Step 2, you should make 2 file

(1) In ./get_gene_word: run make

(2) In ./get_gene_word_prob: you should set the srilm install path and MACHINE_TYPE in Makefile, then run make.

Step 3, uncompress the data file

Run: tar -xzvf protein.fa.tar.gz

Step 4, train n-gram language model, n=1–5

Run: ./build_all_lm_model.sh

(Attention, you must cp “ngram-count” to this directory. See step1)

Step 5, Build dictionary with different maximal word length

Run: ./build_dict_all.sh

Its operations:

(1) Get all possible gene word, filter them by frequency. (get_word)

(2) Get probability of all gene words. (get_prob)

(3) Filter the gene words in dictionary by MI method. (mi_filter.py)

Finally, you will get protein.dict.*.mi, (* is 1,2,…,5) is the dictionary with maximal word length *. Then you could use these dictionary file to segment the amino acid sequence (in section 3).

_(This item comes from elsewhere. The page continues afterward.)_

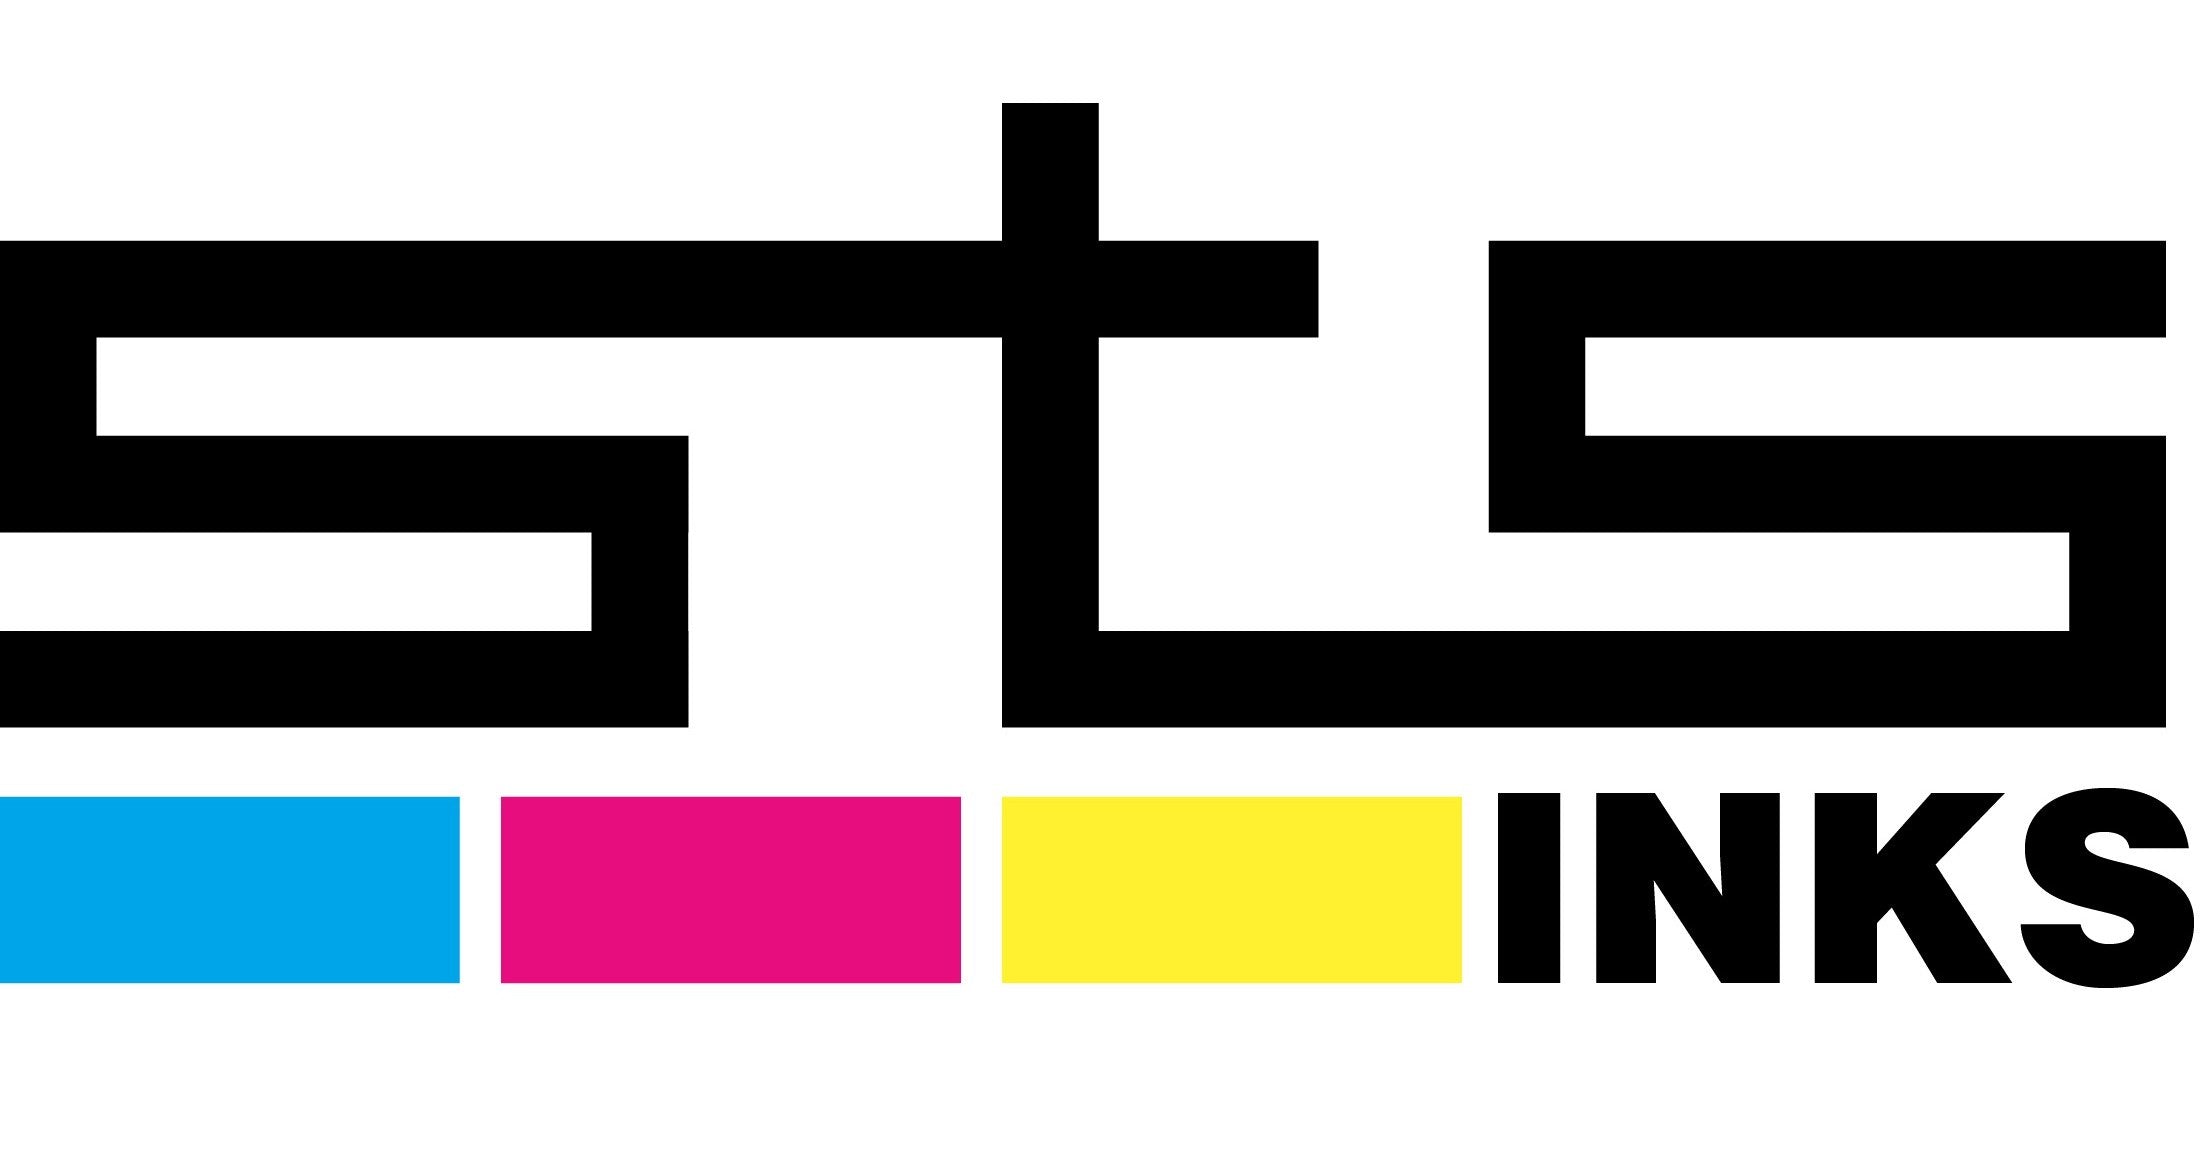 STS Inks Logo

If you have map/reduce cluster, you could use EM method to build the gene word. See our open source project (https://code.google.com/p/dnasearchengine/). To train an 8 maximal word length dictionary, you need at least 4G amino acid sequence data. More amino acid sequence could be found in “Get gene data” section or ftp of gene Refseq databases. ftp://ftp.ncbi.nih.gov/refseq/.